Twelve Dead Princesses by Eleanor M. Rasor: A Gothic YA Retelling


Twelve Dead Princesses is a dark retelling of the classic fairy tale The Twelve Dancing Princesses. Shortly before Lark, soon-to-be-queen of Belmarros, comes of age, she and her eleven sisters fall ill. On the brink of death, they are saved by Sol, a tattooed stranger with powerful magic, and find themselves owing him a debt. Sol, however, is more than meets the eye, and he wants the princesses to dance for him at night in his otherworldly kingdom. As they dance, Larka finds it increasingly difficult to balance their secret visits, her responsibilities as future queen, and her growing attraction to Sol.


Growing up, I devoured any retelling of the Twelve Dancing Princesses I could find. I loved the original fairy tale–the otherworldly balls and metallic forests, the mystery, the promise of sister relationships that weren’t simply evil stepsisters–but I always found the original rather lacking on details. Despite the title, the story focuses on a young soldier who marries the eldest princess, leaving the sisters themselves enigmatic blanks. Why did the sisters dancing, anyway? Where were they dancing and how did they get there? So I turned to retellings to find some answers. (Anyone remember The Princess Curse? Or Princess of the Midnight Ball? Or Entwined? Or the Thirteenth Princess? Or One Hundred Nights of Hero? Oh, nostalgia.) In middle school, I even played around with writing my own retelling for a while. (Unfortunately, my sister beat me to it. But her version is so good, I can’t even be mad.)
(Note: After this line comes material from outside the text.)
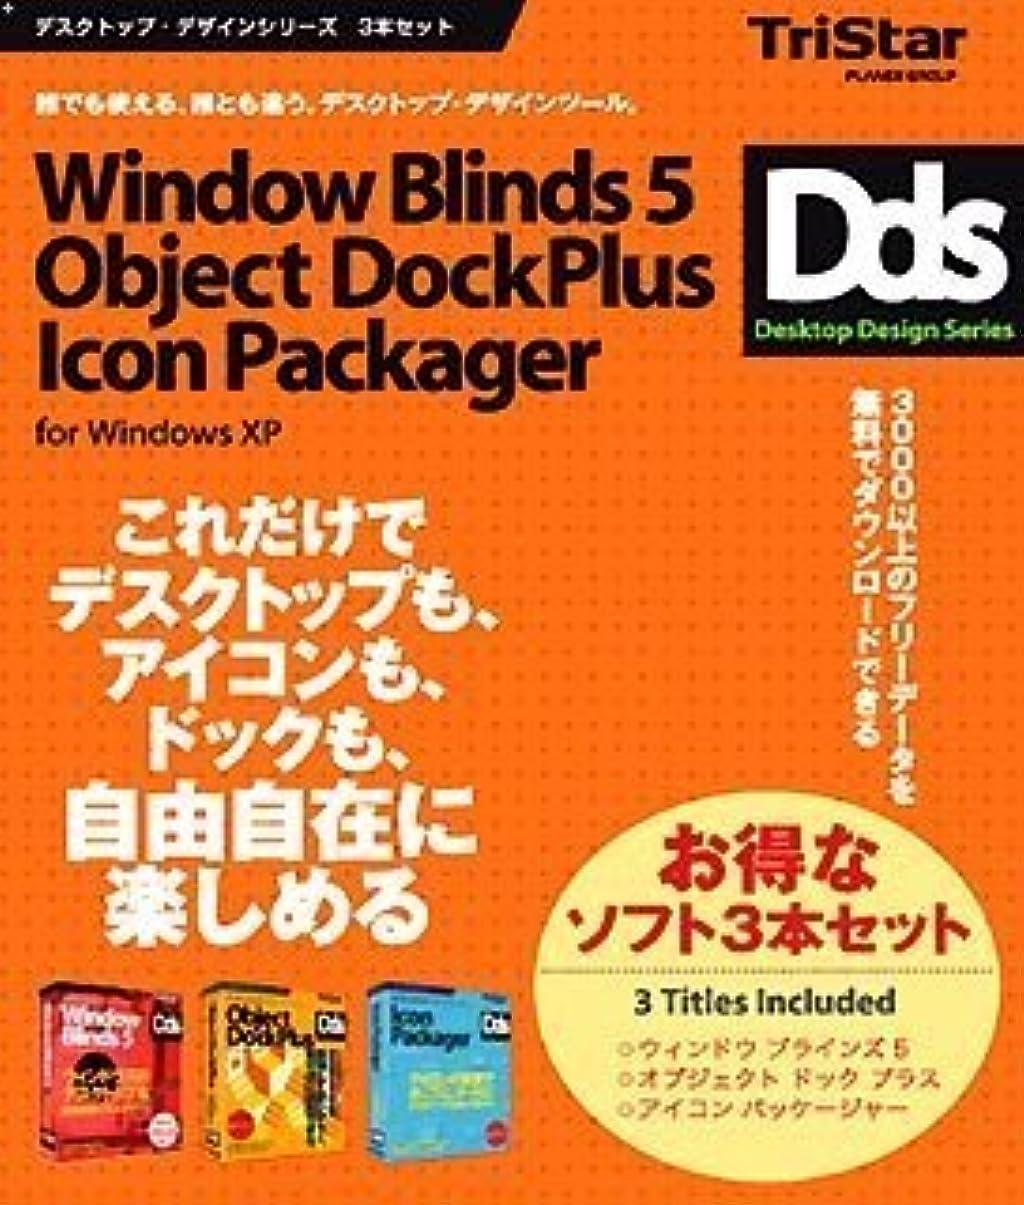 経過航海風刺WindowBlinds5 + ObjectDockPlus + IconPackager 3本セット

Eleanor M. Rasor’s retelling puts any suitors or soldiers in the background, choosing to focus on the eldest sister. Princess Larka of Belmarros is an orphan, responsible for her eleven younger sisters and, soon, the throne itself. When she and her sisters contract a fatal illness, they’re saved from death’s door by Sol, a mysterious stranger with hundreds of tattoos and powerful magic. Sol’s terms for this cure are simple: in exchange for saving their lives, the princesses will dance in his underground kingdom every night, bringing life and joy to the darkness. 

“Maybe someone else would have seen a princess and a worthy heir to the throne of Belmarros, but all Larka could see was a frightened girl playing dress-up and being thrust into so many responsibilities at once that even thinking about them made her feel as if she was drowning.”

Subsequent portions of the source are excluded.